On the official readme, you wil see
the most simple setup is to include the model module like this.
By doing so, we gain all the search functionalities.
the __es__ methods will become available on both the class level and instance level.
The class level _es_ method, would return ClassMethodProxy
And instance level es method would return instanceMethodProxy
The proxy both points back to the source using the `target` method.
We call all search related functionalities through thess proxies
Here I'll use indexing as a exmaple to show how the gem works.
When an issue is created, what will happen behind the scenes?
Previously we included the `callback` module,
which will setup 3 after_commit callbacks
for create/udpate and delete
Since we are creating a record
the first callback is triggered. It calls the proxy's index_document method
The index_docoument will first prepare the data for indexing.
Here at point 1 we see it calls as indexed json method.
By default this method would serialize all the attributes.
Then a client is used to send this data to the server.
at this point, everything is done.
But someitmes we don't necessarily want every attribute
to be searchable.
We might only want to search title.
Here we can override the default by defining our own
as_indexed_json in our model.
Just return a hash of things we need indexed.
The method name __elasticsearch__ is very long.
Typing it all the time is tiresome.
es rails also provides convenience methods to bypass this.
A few of the the methods are delegated to the proxy objects.
So now we can just type book.search directly.
proxies are consisted of many modules. This means we can cherrypick only the things we need
Proxy itself uses a client to send http requests to the server.
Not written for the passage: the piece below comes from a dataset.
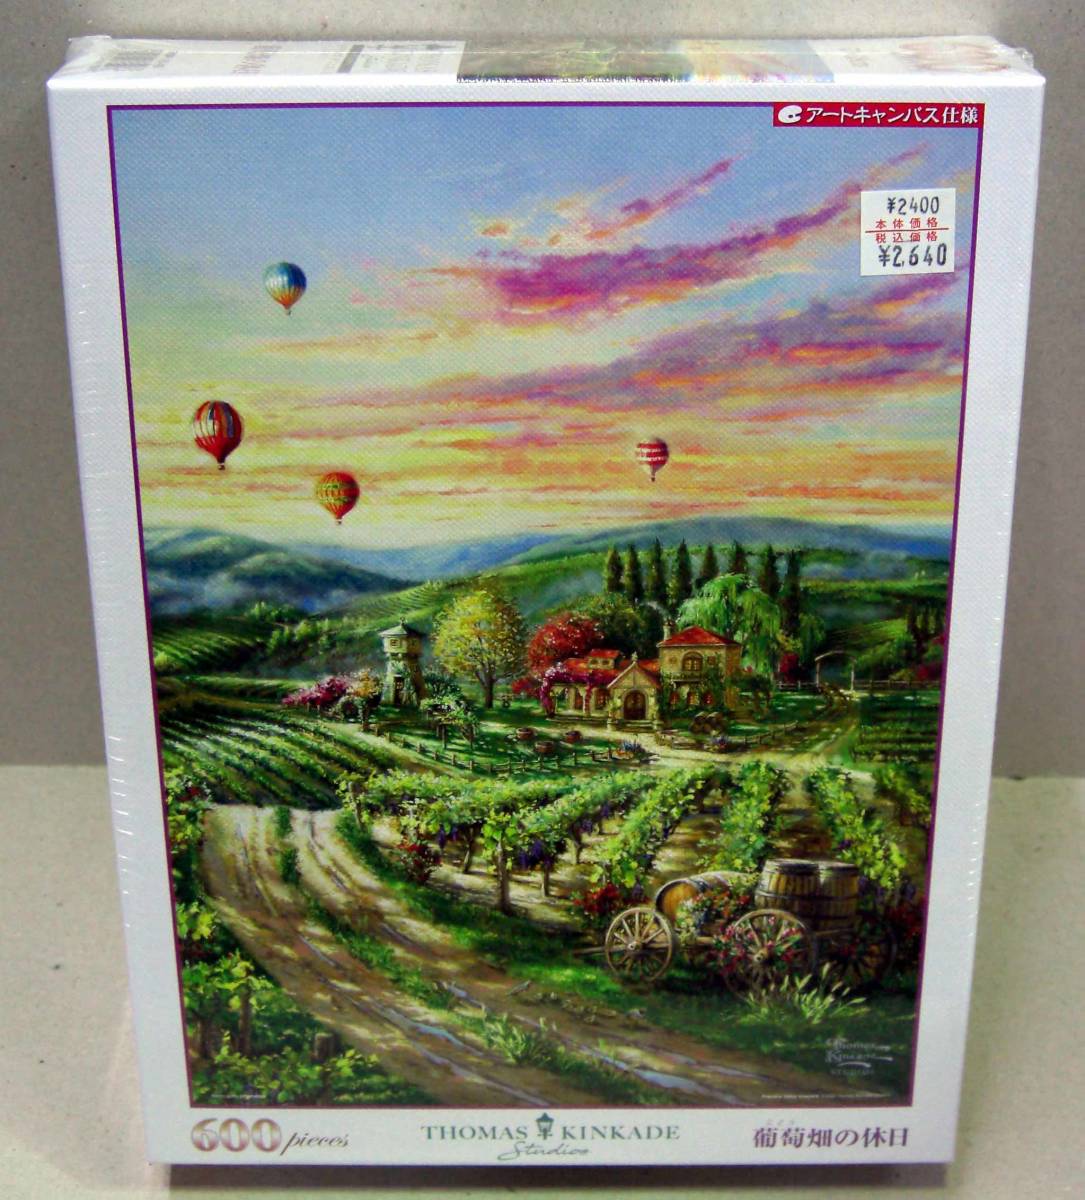 ◎New and unopened Thomas Kinkade Vineyard Holiday 600 pieces, toy, game, puzzle, jigsaw puzzle

By default, all proxies share the same client
which is just a Faraday client.
The client will have the information on
where it can find the server, such as the url or the port.
as a summary, the simple setup gives us two methods to access the proxy object,
and from there we can talk to the server.
In GitLab we use Elasticsearch in slightly different way.
Until last year, we had issues reindexing stuffs.
Everytime we reindex, it would take as long as a week to do.
During this time, search results will be incomplete.
yet we require re-indexing since we do change data schema from time to time.
so our goal was to allow zero downtime search
when data schema changes
The development path was decided to allow multiple versions of search code to co-exist at the same time.
and we determine which version to call at run time.
We used to put all snippet related search logic
in the snippet search module, which is included by Snippet model.
This is less flexible if we want to have mutiple versions.
On the other hand, using classes and objects is very suitable for this kind of task
To keep things dry
we also extract the common logic into a super class
we have a switchboard
which would redirect commands to the desired version
Recall earlier, in the simplest setup, `__es__` would take us from the record to the proxy.
Now we can have `__es__` take us to a switch board, which would then forward calls to the correct version class.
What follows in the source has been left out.